Figure 2.8g and h show that other patterns can form if either the upper or lower bed is made up of thin layers, or laminae. When the laminated bed is deformed, convolute bedding can develop, which may mimic tectonic folds.

Fig 2.8

Figure 2.8. Development of load cast structures

Reading Assignment

  • Read Davis, Reynolds, & Kluth: “D. Identifying Primary Structures” up to the third paragraph on page 708 (pp. 706–708)

Fig 2.9a

Fig 2.9b

Figure 2.9. Examples of load cast structures.
Ball-like load casts and cross-bedding in small dunes or ripples, in Cambrian metamorphosed sandstone near Adelaide. South Australia. These rocks have Undergone a moderate amount of ductile deformation, causing the distortion just Observable in the photograph. The coin is about the size of a “Loonie.”

Study Questions

  1. Why is it important to know way-up before applying the principles of stratigraphy to interpret geological history?
  2. True or false: Cross-beds are a good way-up indicator regardless of the slope of the stoss side. Explain.

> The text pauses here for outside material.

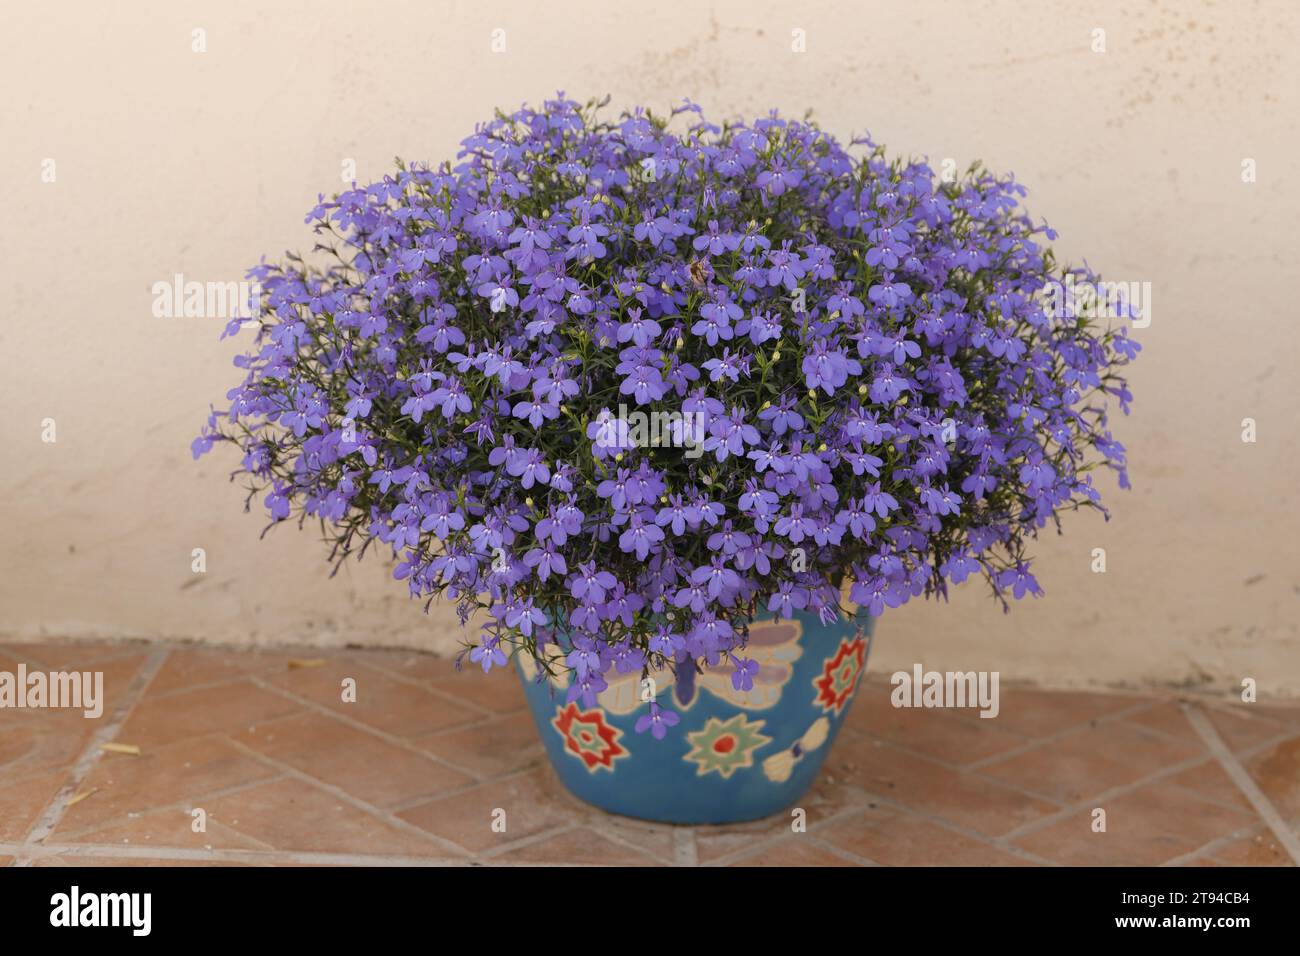 Blue lobelia flowers in a flower pot Stock Photo

Lesson 3: Way-up Indicators in Lava Flows

There are four common way-up indicators in lava flows: vesicles, pillows, columnar structure, and ropy structure.

3.1. Vesicles

Vesicles form when small gas bubbles (microscopic to 10 cm across) get trapped in lava as it freezes (see Figs. 2.10 & 2.11). All lava contains gas, which is derived both from the rock that melted to produce the lava and from deep groundwater. Most of this gas is water vapour, but it also includes carbon dioxide, sulfur dioxide, and hydrogen sulfide (CO2, SO2, and H2S, respectively). At depth, these gases are held in solution within the magma by lithostatic pressure. However, as the magma rises, lithostatic pressure decreases, and the gases bubble out. The lava de-gasses in the same way that soda pop does when you decrease the pressure within the pop bottle by removing the cap.

Fig 2.10

Figure 2.10. Normal and stretched vesicles in basalt

De-gassing can be violent, resulting in explosive eruptions, or it can be quiet, resulting in relatively gentle fountain-like spouting, or even more gentle oozing of the lava out of a vent in the volcano. (Note that the word gentle is used by geologic standards here—on volcanic scale).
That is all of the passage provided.